Старушка повернулась, чтобы идти: явно не хотела продолжать разговор. Но Ксения поспешила ее обогнать и заступила дорогу.

– Еще одно слово, бабушка! Извините, что беспокою вас, но… вы обмолвились о некой Инне… Ведьмой ее называли. Кто она, и неужели вся деревня и вся округа знают, что там-то и там-то колдунья живет? Неужели нет тут никакой тайны и каждый может к ней обратиться?

Старуха медленно подняла на Ксению свои тусклые глазки. Только теперь они смотрели зорко, цепко смотрели…

– А почто она тебе? Инна та.

Ксения на секунду смешалась: признаться старухе или оставить свой подлинный интерес при себе. Она хорошо помнила Верин рассказ о колдунах и не сомневалась: Вера упоминала женское имя Инна. Но, чувствуя, как цепляют и колют ее невидимые крючочки старухиного взгляда, решила своей собеседнице всю правду не открывать.

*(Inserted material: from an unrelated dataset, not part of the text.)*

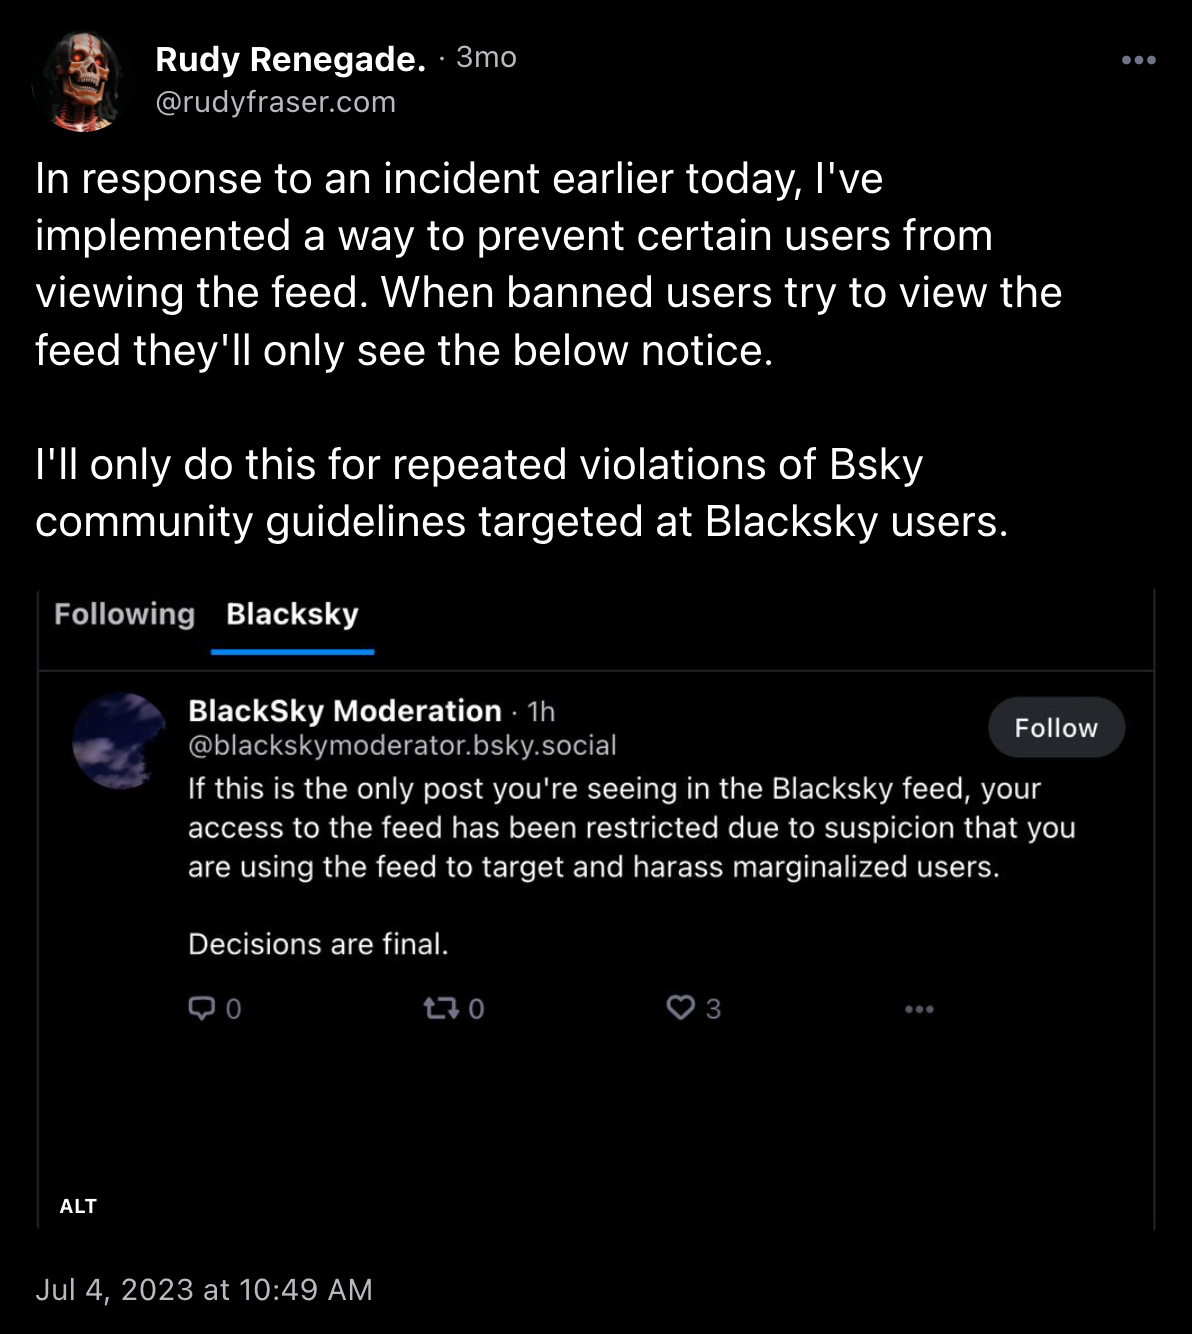 Post from @rudyfraser.com, saying "In response to an incident earlier today, I've implemented a way to prevent certain users from viewing the feed. When banned users try to view the feed they'll only see the below notice.  I'll only do this for repeated violations of Bsky community guidelines targeted at Blacksky users."

– Это чистое любопытство. Понимаете… вы меня так поразили! Я и не предполагала, что в современных деревнях так развито колдовство…

– Ох, брешешь, девка! Ты разве газет не читаешь? Почитай, в каждой газетке про это пишут – тут тебе всяко: и белая, и черная магия. Одна снимет порчу, другая наведет! Что хошь выбирай! Так что и в городе, и в деревнях добра этого…

Она махнула рукой, словно разрывая нить этого разговора. И сердясь, мрачнея, уже совсем было собралась уходить, не удостоив Ксению внятным ответом, но вдруг повернулась, приподняла палку и концом ее тыча в сторону своей собеседницы прорычала:

– А про любопытство ты мне не бреши! Вижу я твой интерес! Лю-бо-пы-ы-тная! Тьфу! – она сплюнула и пристукнула палкой. – Все одно полетишь к ведьмаке поганой – вижу я тебя, смиренница! Все одно к ней потянешься – а у нас тебе дорожку подска-а-ажут, дорого не возьмут… а как до нее – до говнючки дойдешь передай: мол, родная сестра Евдокия ее прокляла! Так и передай – за внучку свою Маринушку, которую эта сучка с давнего невзлюбила. И не будет ей теперь ни пути, ни дороженьки, чтоб ей сгореть, мерзавке, и куском подавиться!

Старуха, продолжая поносить на чем свет стоит «ведьмаку поганую», сотрясаясь от ярости и постукивая своей палкой, пошла прочь, не взглянув на Ксению. Теперь, когда ее – понесло, в старухиной речи прорывалась явная нецензурщина, которой та предалась с остервенелым неистовством.

Ксения стояла недвижно, провожая странную бабку взглядом до тех пор, пока колдуньина сестра Евдокия не свернула вбок по деревенской улице и не скрылась из глаз.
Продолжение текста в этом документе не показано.